As AI tools and applications continue to evolve, the storage infrastructure must adapt to support more sophisticated and data-intensive workloads, leading to higher storage consumption and new storage management strategies.
Exploring different types of cloud storage solutions
Why object storage leads with 70% capacity in cloud
Object storage is the most prominent type of cloud storage, accounting for 70% of total capacity. It’s the most cost-effective storage option and is widely used for data management and warehousing.
Object storage is more affordable and scalable, making it ideal for storing large volumes of unstructured data, such as media files, backups, and big data analytics. Despite its extensive capacity, object storage only accounts for around one-third of total storage spending due to its lower cost.
The role of block storage in databases and business intelligence
Block storage accounts for another one-third of cloud storage capacity and is optimized for high-performance tasks—designed for applications requiring quick and consistent data access, such as databases, business intelligence systems, and containerized workloads.
Block storage is more expensive than object storage but provides the performance and reliability necessary for mission-critical applications. Its architecture supports fast input/output operations, making it suitable for structured data storage and transaction-heavy environments.
Generative AI sparks increased demand for file storage
File storage then accounts for the remaining one-third of cloud storage capacity and is the most expensive storage option. It’s critical for environments that require shared access to data, such as office collaboration tools and server farms.
File storage is expected to see increased demand as it’s suitable for generative AI applications and retrieval-augmented generation, a method used to fine-tune large language models to specific domains. As enterprises deploy more generative AI solutions, the need for high-performance file storage will grow, supporting advanced data retrieval and processing tasks.
AWS boosts file storage for unstructured data and legacy support
AWS improves file services for legacy and high-performance needs
AWS is intensifying its focus on file services to support legacy applications and provide high-performance storage for unstructured data interactions. As organizations transition from on-premises environments to the cloud, many legacy applications still require comprehensive and reliable file storage solutions.
AWS is expanding its file storage offerings to cater to these needs, so that enterprises can seamlessly migrate and operate their legacy systems in the cloud.

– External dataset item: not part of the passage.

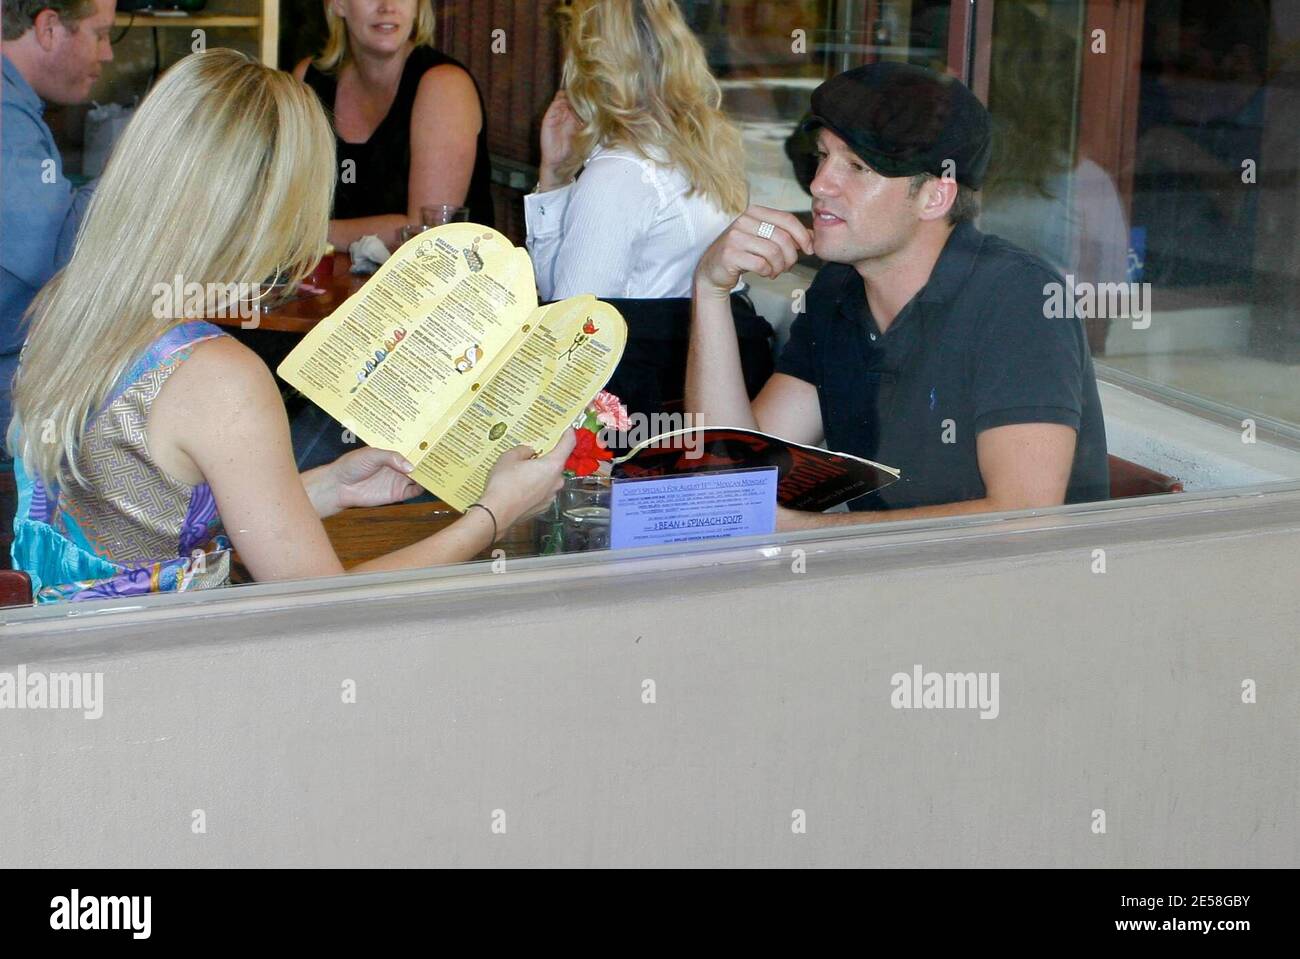 Exclusive!! Actor, writer and producer Jason Dottley and hisÊ'Sordid Lives: The Series' co-star Katherine Bailess shop at Kitson on Robertson Blvd. before heading into the Newsroom Caf for a spot of lunch. The one-time couple remain the best of friends even though Dottley has 'come out of the closet' andÊ gone public about being gay.ÊHe will be starring as Ty in 'Sordid Lives' with Olivia Newton-John & Delta Burke.ÊActress, musician and dancer Katherine has appeared in 'From Justin to Kelly,' 'One Tree Hill' and 'Gilmore Girls.' Los Angeles, CA 8/13/07.   [[laj]] Stock Photo

In addition to offering legacy support, AWS’s file services are also designed to handle high-performance workloads involving unstructured data. This is particularly valuable for applications in media and entertainment, scientific research, and AI development, where large volumes of unstructured data need to be stored, accessed, and processed efficiently.
Final thoughts
Enterprise leaders need to gear up for the upcoming explosive surge in cloud storage demands driven by the AI revolution. With AI technologies advancing rapidly, comprehensive and scalable storage solutions must – and will – become a priority.
Leaders must prioritize optimizing their storage infrastructure to handle vast data volumes and boost performance for AI-driven applications, so that their organizations can stay competitive in a rapidly evolving space.